As a mum of a young adult woman finding her way, I feel so much of her worries and anxieties as if they are happening to me. It's weirdly worse than when she was a kid in terms of my worry for her.

That. Being a parent to young adults has been the hardest part of parenting, for me. I want to protect them, just as I wanted to protect them when they were toddlers. But I can't. They have their own life and independence, and watching them make mistakes, without me having the power to prevent those mistakes, is agonising at times.

As I said above, if either of my girls had been in an abusive relationship and kept going back, I'd have been in bits. Then a pregnancy with their abuser, and then expressing suicidal ideation? I really hope I'd be able to say the right thing, but the shock of being told about the suicidal thoughts would probably get in the way of a calm and considered reaction.

SecretSquid · Today 16:03

ginasevern · Today 11:56

Your mum's only human. She's helplessly watched as you've repeatedly gone back to this vile cunt for years and presumably bitten her tongue. And I expect she was sick to her stomach when she discovered you were pregnant by him. Saying you'd considered suicide tipped her over the edge. You say you've always been close and had a good relationship, so this was a knee jerk reaction born of extreme anxiety. We don't always say or do the right thing and few of us are natural born psychiatrists especially when it comes to our own children.

Edited

Except it hasn't been years. He started to behave like this when she got pregnant. She's still pregnant, so it's a few months.

Calliopespa · Today 16:10

Butterme · Today 11:12

I completely agree.

I told my mum to save us all time and kill herself instead of waiting for her abuser to do it.

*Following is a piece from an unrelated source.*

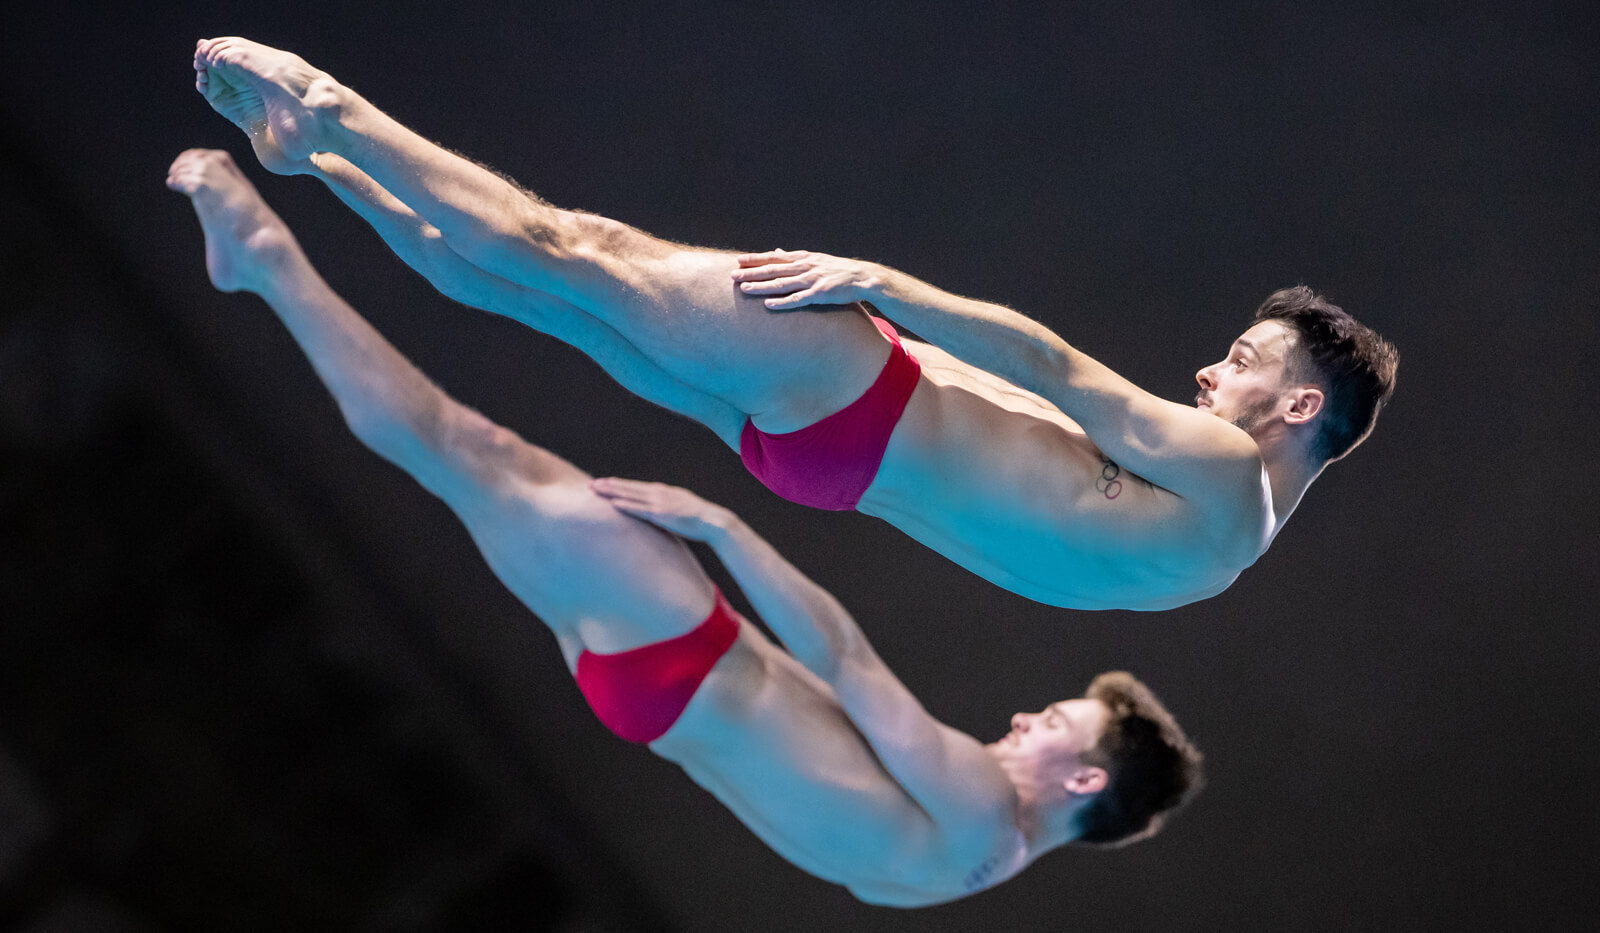 Kazan: Canada comes up short of the podium on Day 1

It was probably the worst thing anyone could ever say to someone but she had been regularly physically abused and almost killed and still went back.

You can’t help but get frustrated when someone is telling you how awful someone is and then getting back with them.
In my situation we knew he’d end up killing her as he’d already tried (fortunately he ran off with someone else).

OP needs to stop expecting her mum to be perfect.
What she said was hurtful but she shouldn’t cut her off for it.
She needs her support now more than ever.

I agree.

It is normally the people who are emotionally uninvolved who manage to say exactly the right thing, simply because they stay cool, calm and collected - because they don't really care, or at least, not enough to get rattled.

I have a couple of people I know well who gravitate to these slick types, thinking they say the kindest things so must care the most, but from where I stand I can see they just don't have the involvement to bother risking saying the wrong thing. Some people struggle more than others to see through this.

Mere1 · Today 18:17

Poulaphooka · Today 06:37

Yes, this. It was an appalling, insensitive thing to say, but I think you need to cut her some slack — from experience, it’s very difficult to be around and support someone who keeps going back to an abusive partner.

I agree. Also, she was, maybe, trying to make you see that both you and your unborn child would have died had you committed suicide. Her intention to show you made the right decision?
I wish you all the best. The future can only improve without this man. Your mum might be needed.

SpryCat · Today 18:25

Is your mum the type that expects support with her mental health but never supports anyone when they need it? Does she hate not being centre of attention? Does she normally put you down?